Exercise instructions =
Everything from the line with "Fruchtiger Erdbeersalat als" to the last line of the listing must be retyped exactly, both ends included, with the pictures dropped.

Given material =
++++++++++++++++++++
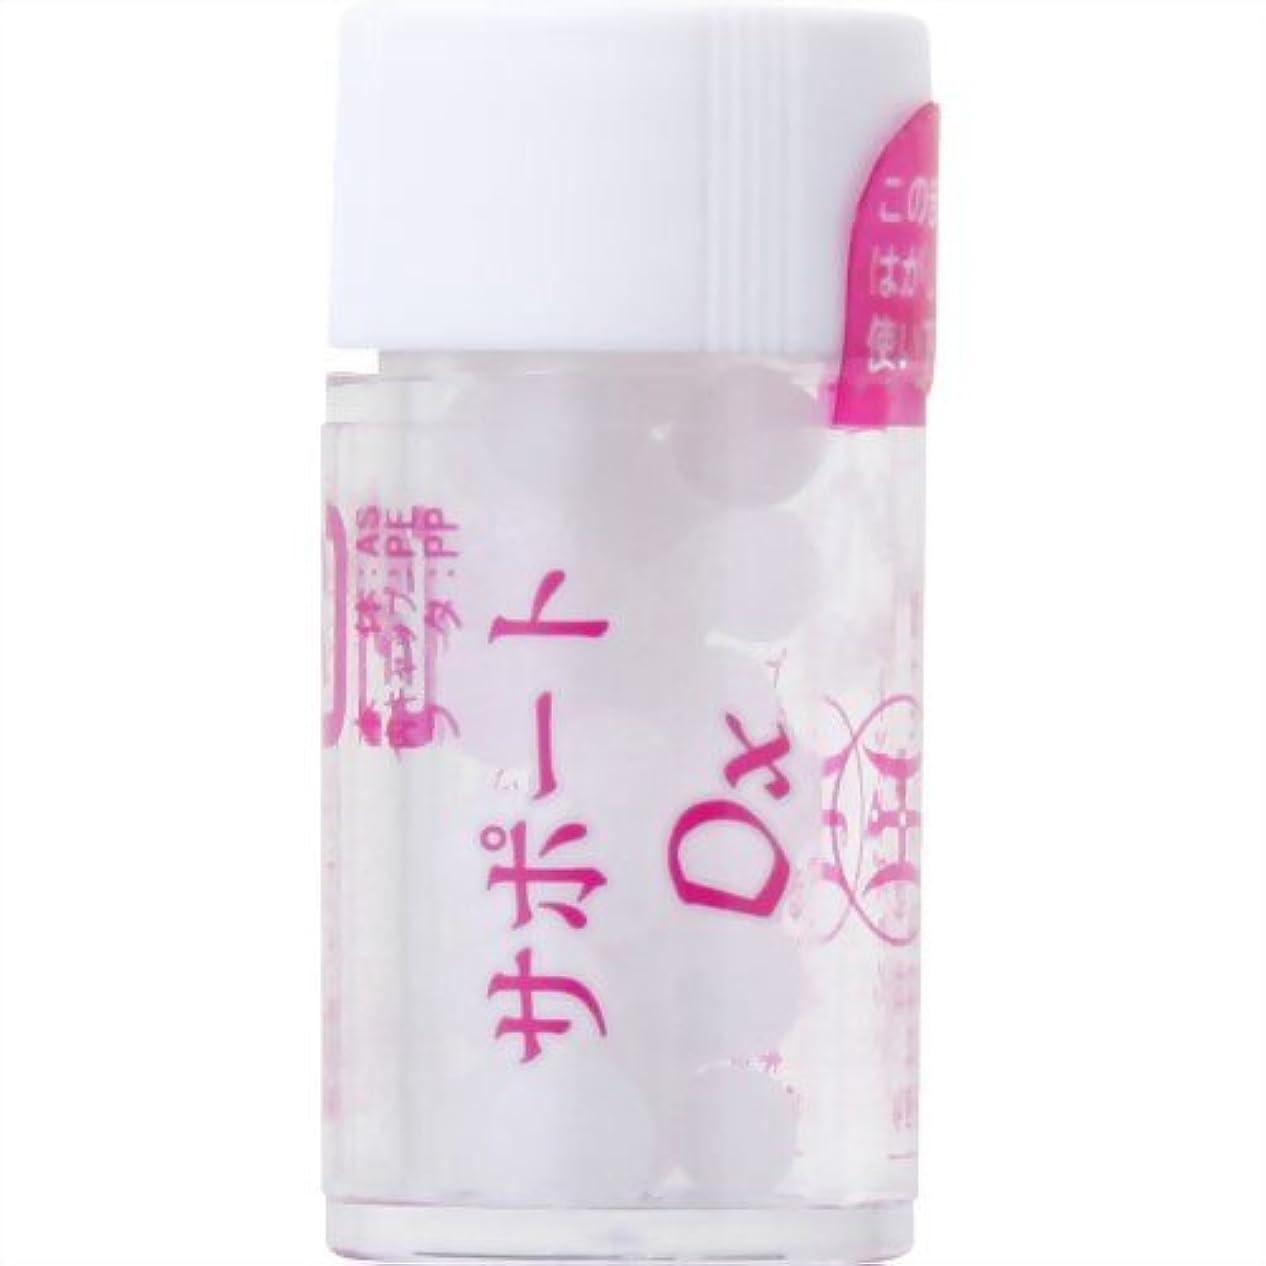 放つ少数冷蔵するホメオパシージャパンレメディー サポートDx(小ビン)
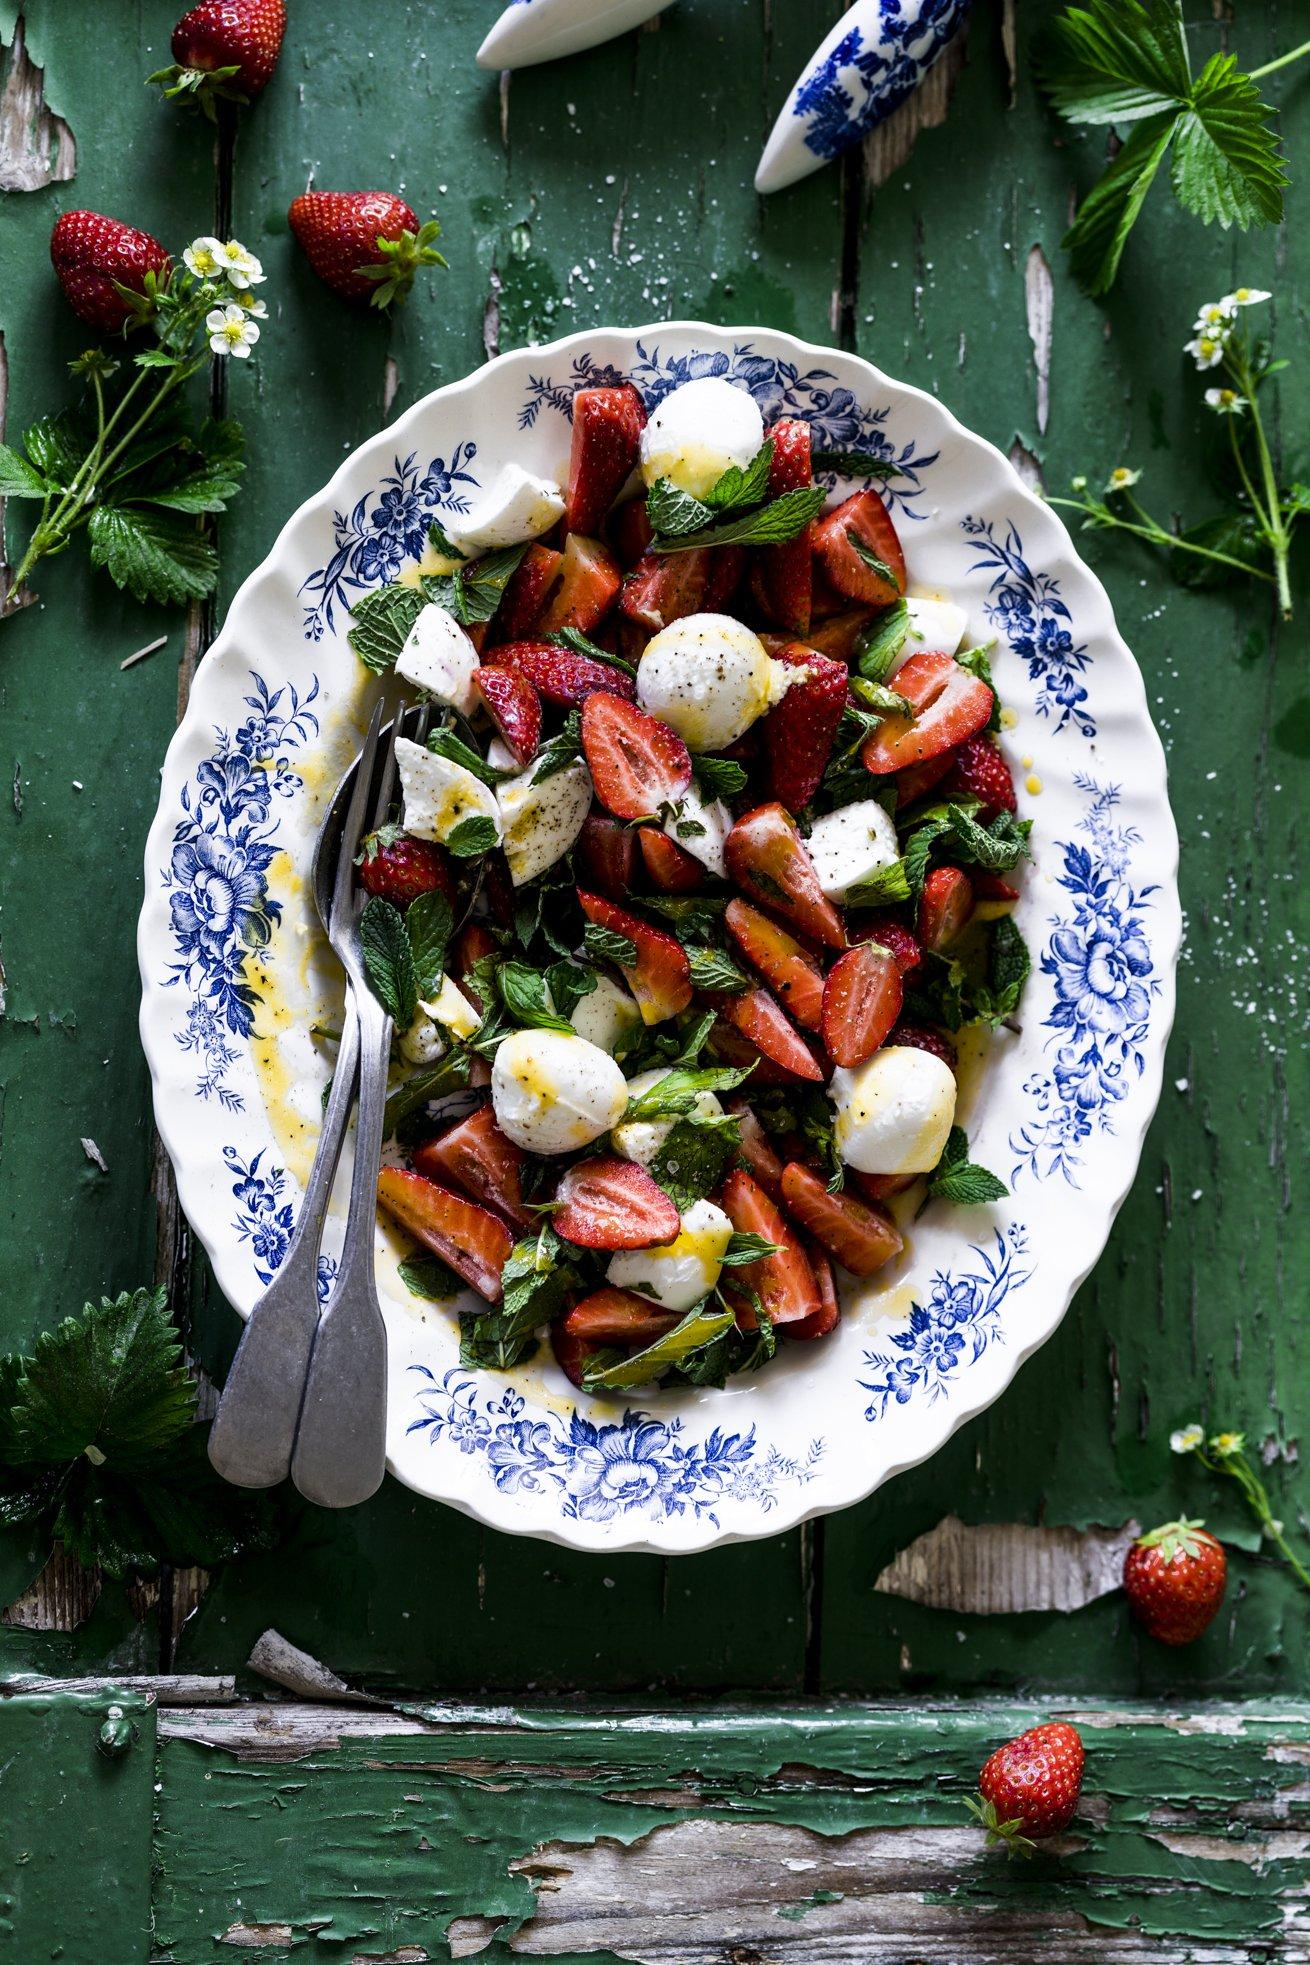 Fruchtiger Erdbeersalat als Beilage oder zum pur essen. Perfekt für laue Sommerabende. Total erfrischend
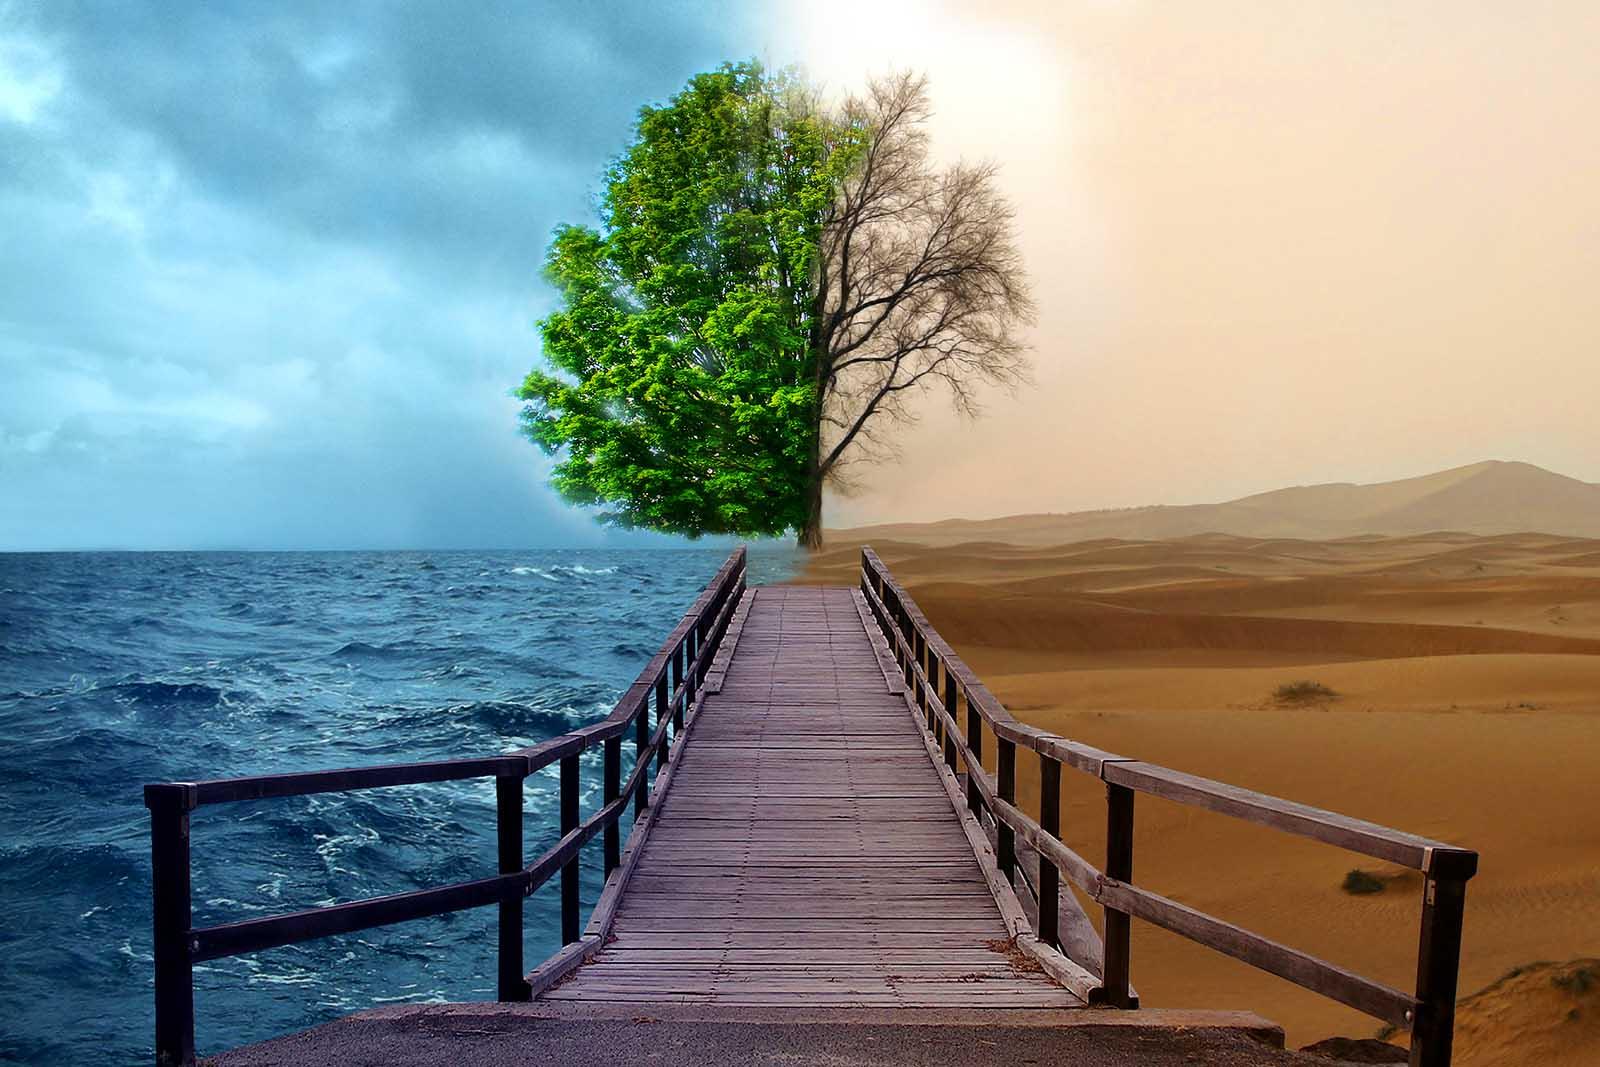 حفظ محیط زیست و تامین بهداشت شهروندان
++++++++++++++++++++
Result of the exercise =
 Fruchtiger Erdbeersalat als Beilage oder zum pur essen. Perfekt für laue Sommerabende. Total erfrischend
 حفظ محیط زیست و تامین بهداشت شهروندان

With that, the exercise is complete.